# Pensacola Beach Pier - Any Reports?



## Mike W (Jul 11, 2011)

Hey guys, new member here. I'm a student at the University of Alabama and co-oping in Birmingham right now, but my cousin lives in Pensacola, goes fishing a lot down there and he told me about this site. This place is full of good info!

Anyways, I'm heading down Thursday afternoon (I have 3 day weekends every other weekend) and we're heading out on the pier bright and early Friday and fishing all weekend. What's the word on catches out there right now? I saw the last thread was started back in June about some kings, but thought I'd ask.

Thanks in advance guys and have a good week. :thumbsup:


----------



## eym_sirius (Oct 17, 2007)

If no reports surface here, check Facebook Navarre Beach Fishing Pier. They post daily pictures of what was caught. Gulf Shores State Park Pier may have a similar page and Okaloosa Island Pier posts daily reports, too.

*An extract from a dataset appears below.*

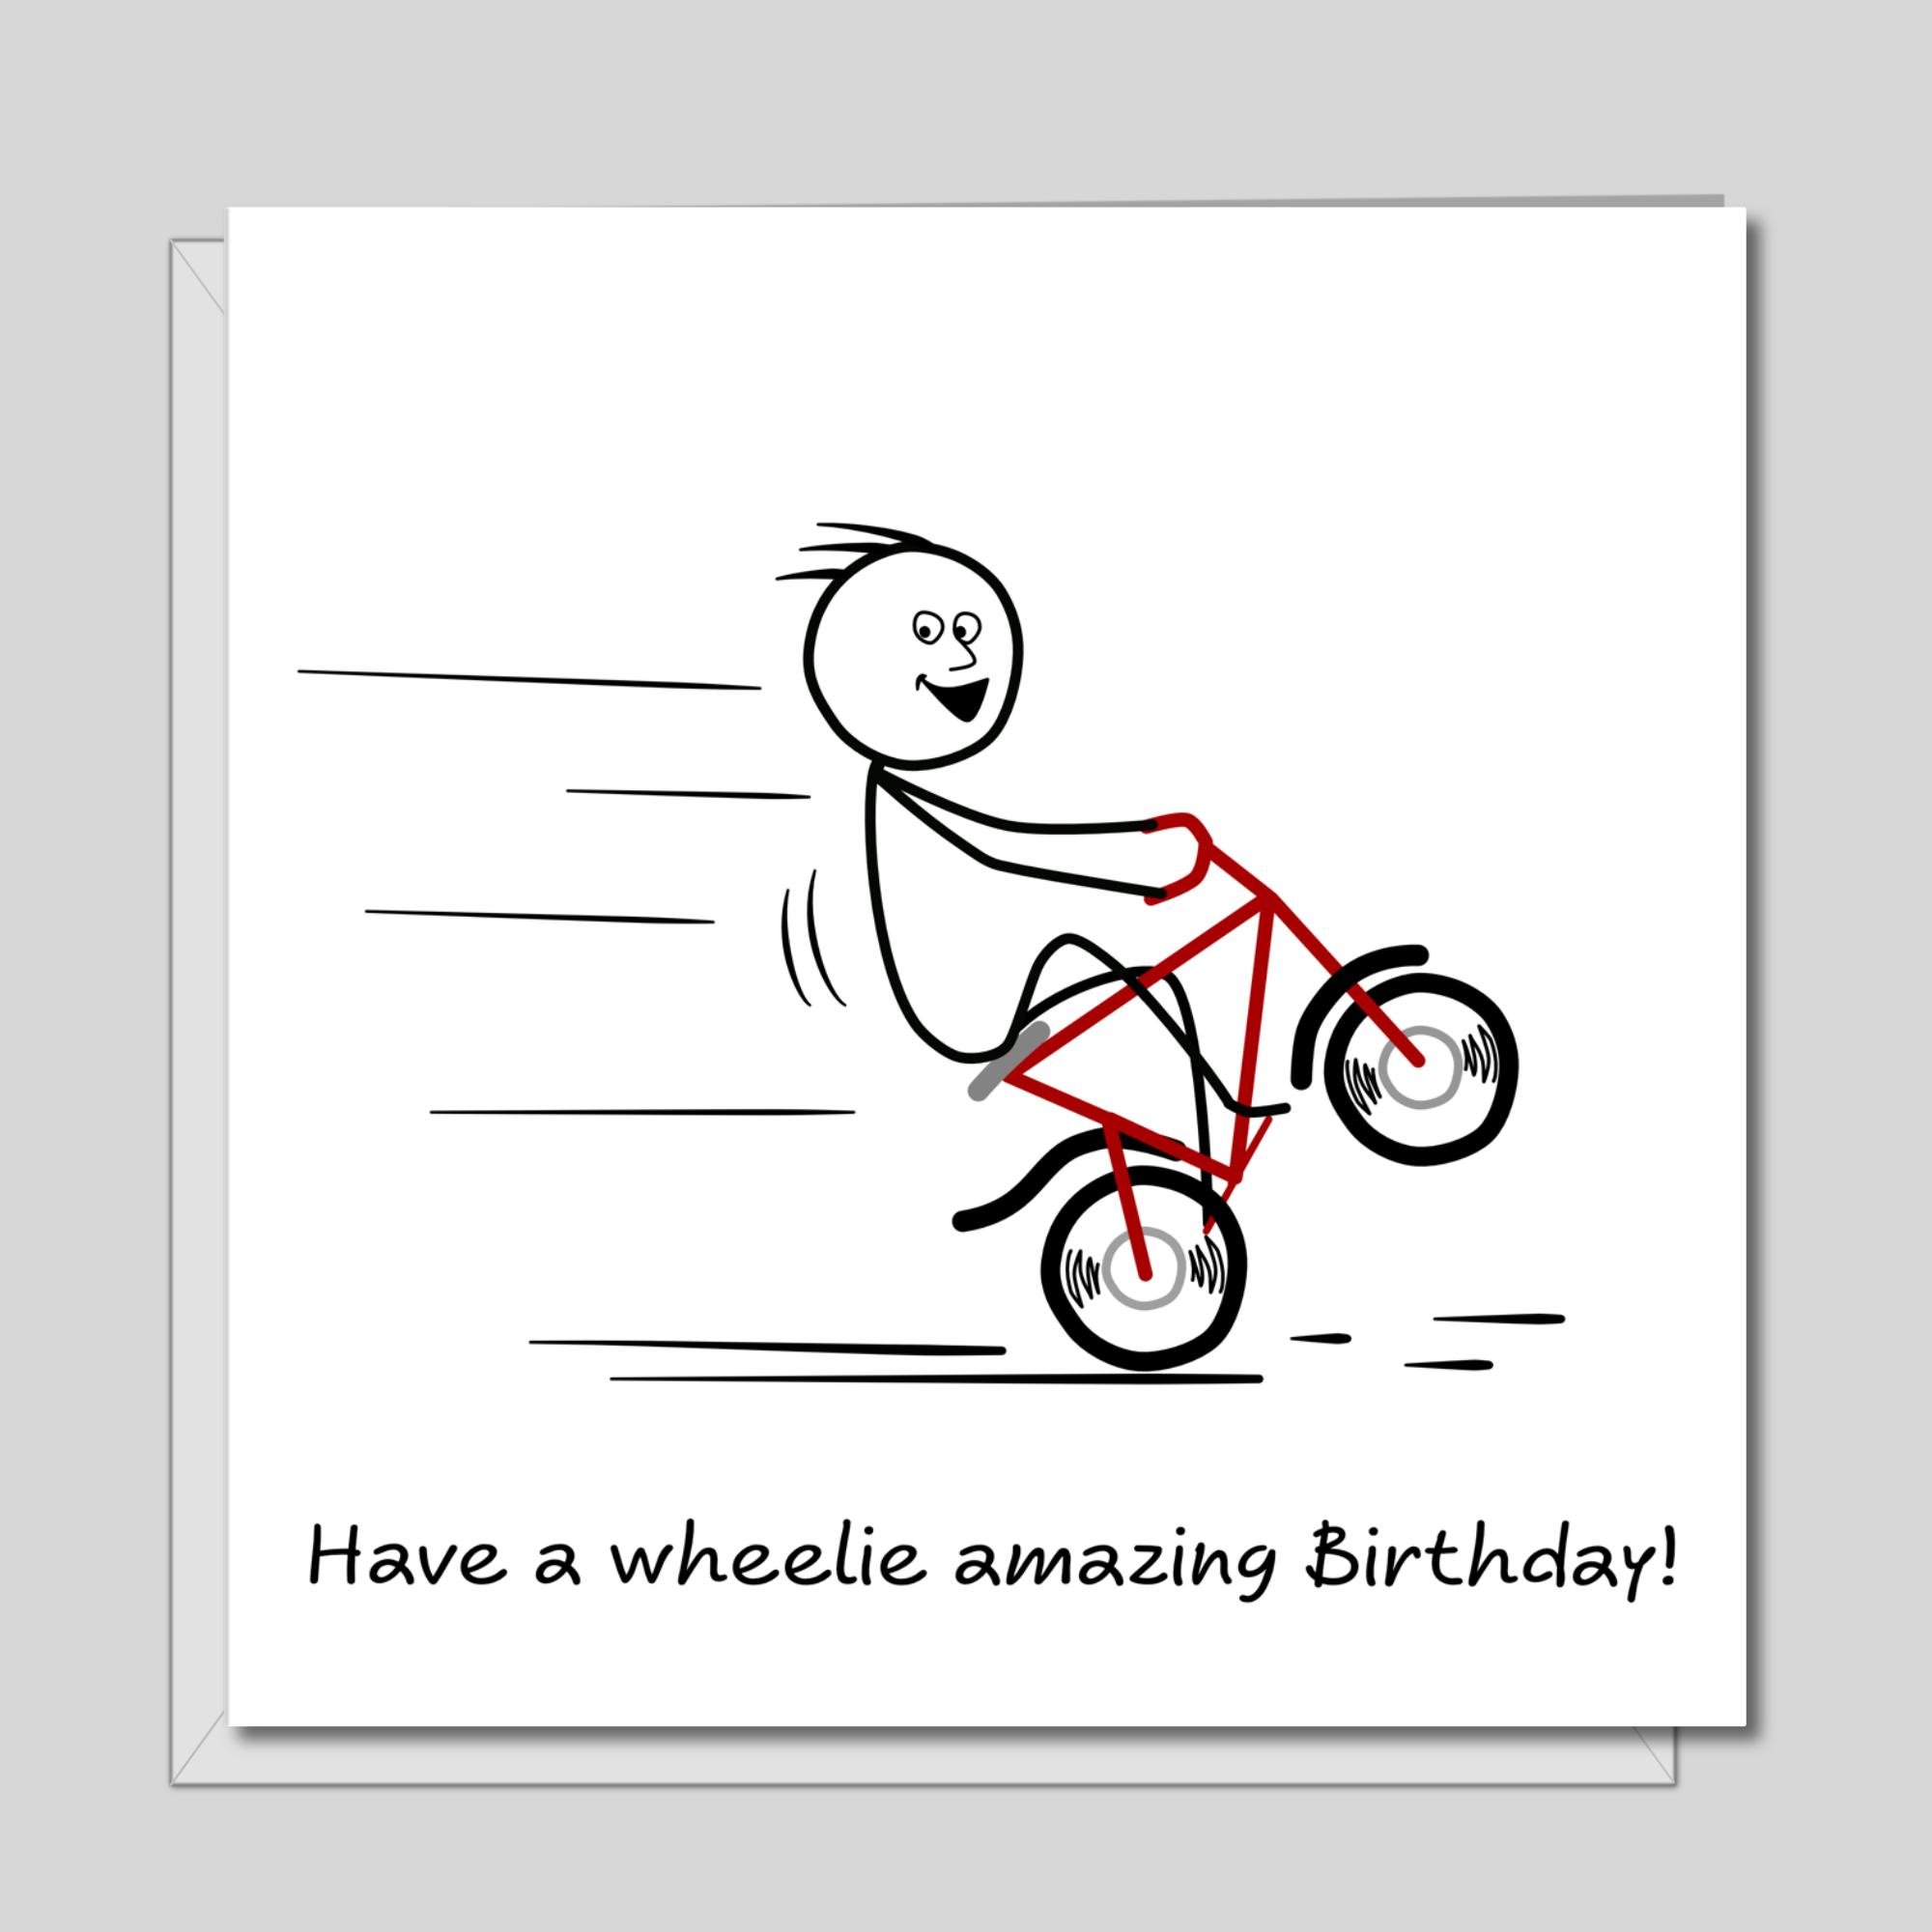 Fantastic Birthday Card for friend, son, family, student, teenager, teen - Funny, Humorous, Cartoon bike wheelie - bicycle 10 11 12 13 14

http://okaloosaislandpier.blogspot.com/


----------



## Mike W (Jul 11, 2011)

eym_sirius said:


> If no reports surface here, check Facebook Navarre Beach Fishing Pier. They post daily pictures of what was caught. Gulf Shores State Park Pier may have a similar page and Okaloosa Island Pier posts daily reports, too.
> 
> http://okaloosaislandpier.blogspot.com/


Thanks for the info buddy!


----------



## TightLines172 (May 13, 2011)

I heard a a couple of guys at the bar talking about a cobia and a few kings a couple of days ago they had caught at Navarre Pier. Good luck and War Damn Eagle!


----------



## Brett (Apr 18, 2011)

Check out Emerald Coast Pier Fishing Forum. com.


----------



## Mike W (Jul 11, 2011)

Brett said:


> Check out Emerald Coast Pier Fishing Forum. com.


Thanks mate! :thumbsup:


----------